Jengu, in duck-typed dynamic languages you achieve basically same results as with templates in C++, and yet there are no templates in Python, Ruby or PHP, and no copy/paste. Templates are not needed there. There is a small performace overhead when using dynamic variables, as opposed to potentially huge size overhead with C++ templates.

I was thinking, by the way, about a series of articles with some nice template-free C++ containers and variants.

nolem said...

One point is also by writing "simpler" code (for example doing a function call instead of relying on templates) is that the behavior is more predictable. With templates the compiler is likely to instantiate it inline and thus cause code bloat which results in cache misses and that's what the article is all about anyway

Greg Herlein said...

What's in tab.h? I suspect that's where you define func_table.

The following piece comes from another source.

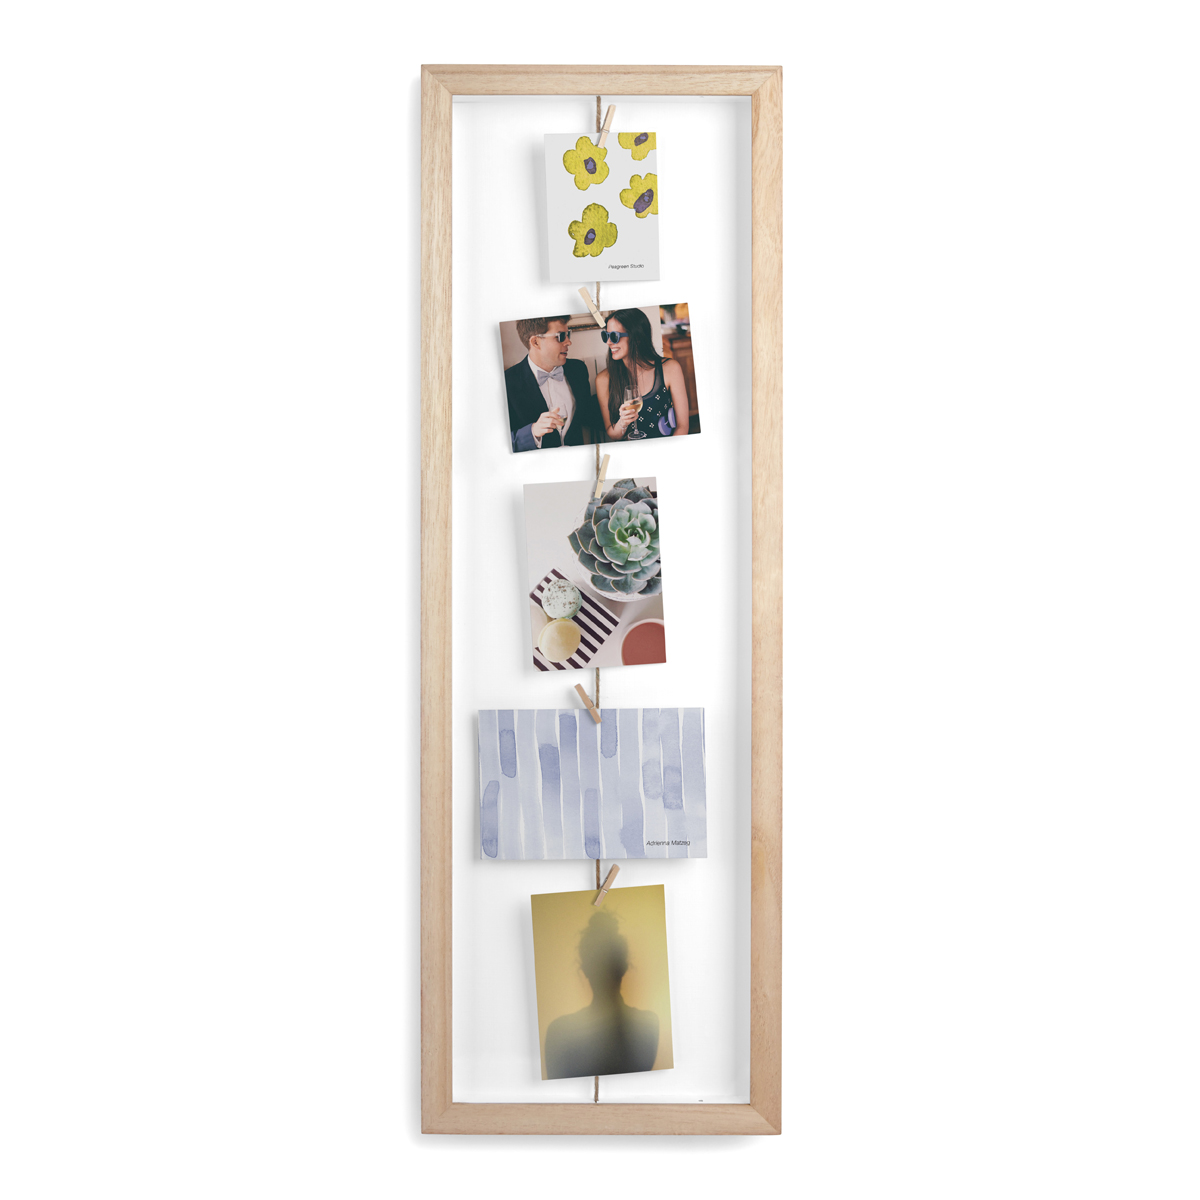 Панно с зажимами Umbra Clothesline, для 7 фотографий311020-390Фоторамка, фотографии в которую не вставляются, а прикрепляются к специальным нитям при помощи зажимов (входят в комплект). Позволяет создавать композиции из 7 фотографий, открыток или рисунков. Обрамление выполнено из натурального дерева. Дизайн: Sung wook Park

Won't compile without it.

hm said...

Hi Greg,

Here is tab.h:

typedef int (*func)();
#define TAB_MAX 1000001
extern func func_table[TAB_MAX];

You will need to generate the functions for your tab.c (the pattern is shown in the article) and also the pointer table:

func func_table[TAB_MAX] = {
f0,
f1,
f2,
f3,
...

Then compile tab.c, main.c with NO optimization (i.e. no -O switches of any level) and link them.

Bernd Eckenfels said...

this does not show that large binaries are the problem, in fact it shows that large binaries do not affect the performance as long as you run computations with a small instruction cache footprint.

Paul Keeble said...

Caches are about common access patterns. Its one of those classic 80/20 rules that 80% of the programs runtime is running the same 20% of the code (or maybe its a 90/10 rule).

Caches don't work when that rule isn't true, and in very complicated programs you are right that it might be costing some amount of processing time, but the figures here are the absolute worst it could be. Optimising for locality of reference however has improved performance of programs dramatically for 2 decades and developers do know this principle exists!

I suspect the most common cause of the feeling of slowness on modern PCs is actually due to hard drives. While CPUs have been increasing in performance by a factor of at least 60 since 1996, drives have gone from about 5MB/s to 100MB/s, and the access times haven't dropped much at all (about 15ms to about 11ms for desktop drives, mainly because the normal desktop now uses 7200rpm not 5400rpm). Big binaries take longer to load, and big files take longer to read and write if they have gotten bigger faster than the performance of the hard drive. CPUs are sat idle all over the world working on word processors, web browsers etc waiting on the user and on the hard drive. SSDs will help but they won't solve the increasing distance from CPU performance to storage.

The final part of the puzzle is that CPU speed has also zoomed away from memory clock speeds. With the 486 we had equal(ish) clock speeds, but memory has been stuck at around 200Mhz for a long time. Sure we have worked out how to improve the bandwidth by reading more data in a block with DDR to keep the programs running, but that only works if locality of reference is how the program accesses memory.

The moral of this rambling is that random access has increased in relative cost, both in terms of memory and storage - simply because random access has not improved in performance in either case since the mid 90's. While sustained read/write has increased more dramatically its not done so at the same rate as CPU performance. Bloat (aka as features) when scaling with CPU speeds is disproportionate hit when those other components are used. Cache is about the only thing holding everything to a decent level of performance.

Thankfully most programs, even big commercial ones, are highly relative in access patterns and do have decent locality of reference and small core algorithms. Not to mention the fact that they tend to iterate through memory in nice linear chunks for good reason.

hm said...

Paul, I agree the bottleneck for most applications is the bus, the HD, etc, but still there are cases with massive code base (virtual machines for one thing) where any part can be executed in a seemingly random manner. A lot of programmers think code size can be sacrificed for speed gains, which may be simply not true if your code is comparable with the cache size.